Ask most high school teachers what the goal of their job is and you’re likely to get a similar answer: they prepare students for life after graduation. Or at least that’s the hope.
Between math, science, English and history, students learn from a curriculum aimed at creating well-rounded citizens who will be prepared for university or college. But are they leaving integral skills out of the mix?
Among the important things today’s high school students don’t learn are life skills. Doing taxes and learning how to cook a nutritious meal are just two of the things left out of education. While some schools offer classes on these topics, they aren’t mandatory courses.
Missing out on these basic skills at the high school level has translated into big problems in the adult population of Canada.
A 2012 study by the Bank of Montreal found that 93 per cent of Canadians thought they knew income tax deadlines. When these same people were put to the test less than 39 per cent could correctly identify these dates. If high school students aren’t at the very least being taught the deadlines for their taxes, one has to wonder how prepared they are to file them in the first place.
For students this issue is personal and frightening.
“To be honest, I don’t remember ever once learning about how to do taxes in my high school,” says Danielle Clarke, a second-year student at Carleton University. “I’ve always sort of struggled with math, so doing taxes is something I find more difficult.
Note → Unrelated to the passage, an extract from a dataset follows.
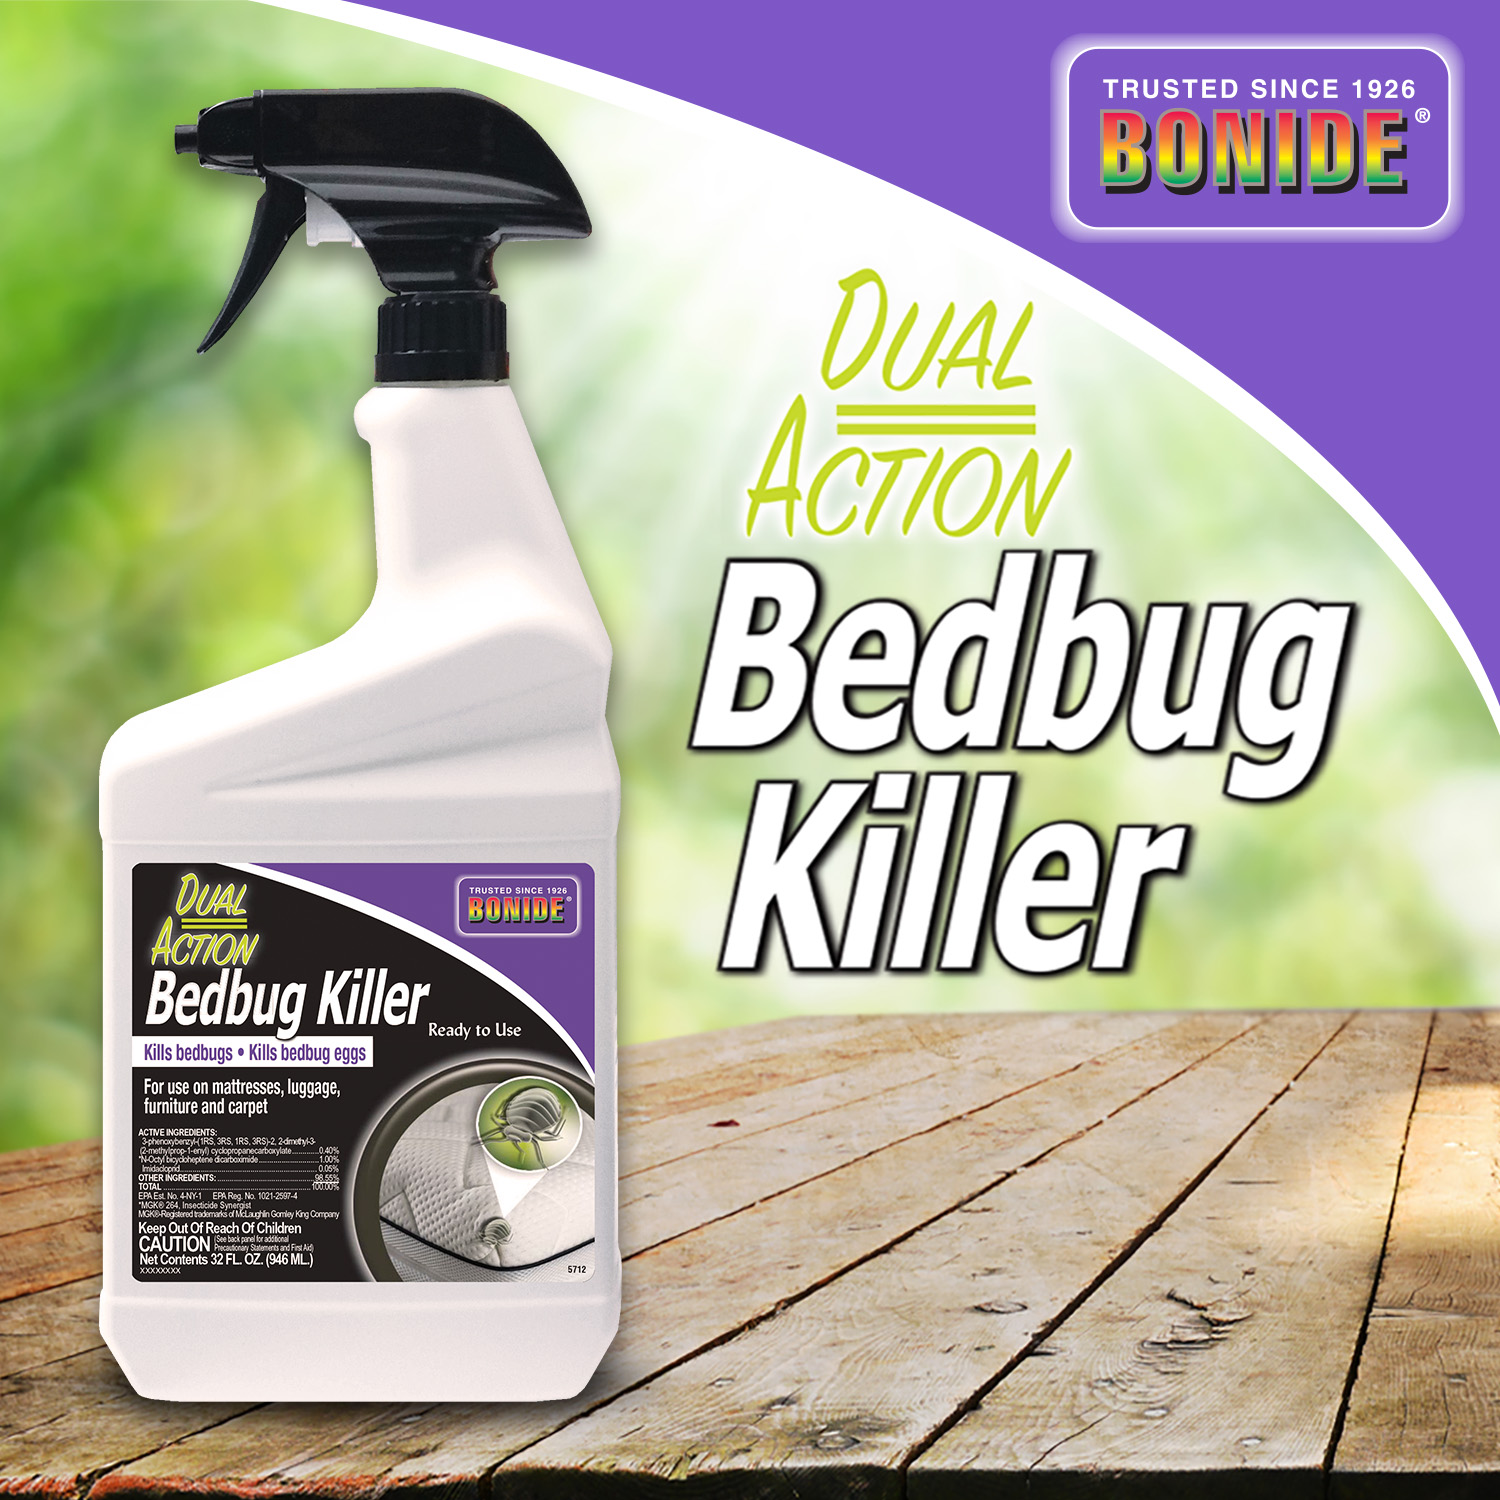 Dual Action Bedbug Killer

I would have benefitted from some instruction.”
Finding a way to make this a part of the high school curriculum could have spared Clarke from learning it all on her own.
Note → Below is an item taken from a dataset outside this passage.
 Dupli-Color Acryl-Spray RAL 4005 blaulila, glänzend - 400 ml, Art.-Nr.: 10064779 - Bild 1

Irv Osterer, a high school teacher at Merivale High School, says that finding the space in students’ schedules to give them courses on taxes would be a good idea.
Students hoping to study at university and college are often required to take specific high school courses as prerequisites for admission. Those students already have a packed schedule and finding a way to add another mandatory class would be difficult.
“We’re charged with graduating decent, caring, honest people,” says Osterer. “I think we do the best we can to prep them. Are we 100-per-cent perfect? Who is?”
In terms of other basic life skills, such as nutrition, schools are trying to take steps in the right direction. “Within the health and physical education program they cover health concerns like healthy eating,” says Osterer, “I think they do a pretty thorough job.”
While learning about nutrition does give students a tool to make healthy choices, this instruction isn’t practical enough to make it truly helpful. A better approach could be to task students with applying what they’ve learned by researching and creating a low-cost meal plan for themselves.
While many of these life lessons can be learned outside the classroom, the benefits of adding them to the curriculum are clear. If it’s not compulsory course material, there are always chances students will slip through the cracks without gaining these integral skills.
By not teaching life skills in school, there is an assumption that they are a parent’s responsibility to teach. Parents, however, may not even know how to work through taxes or healthy eating themselves. In these cases, we see several generations of families meet the same struggle.
Teachers have a hard job. They’re tasked with preparing the next generation for the life ahead of them, and with the resources they produce results Canada can take pride in. Canada’s literacy rate and rates of post-secondary enrollment are rising.
However, academic achievement isn’t everything. Once schools implement the mandatory teaching of soft life skills, the next generation to go through the education system will flourish.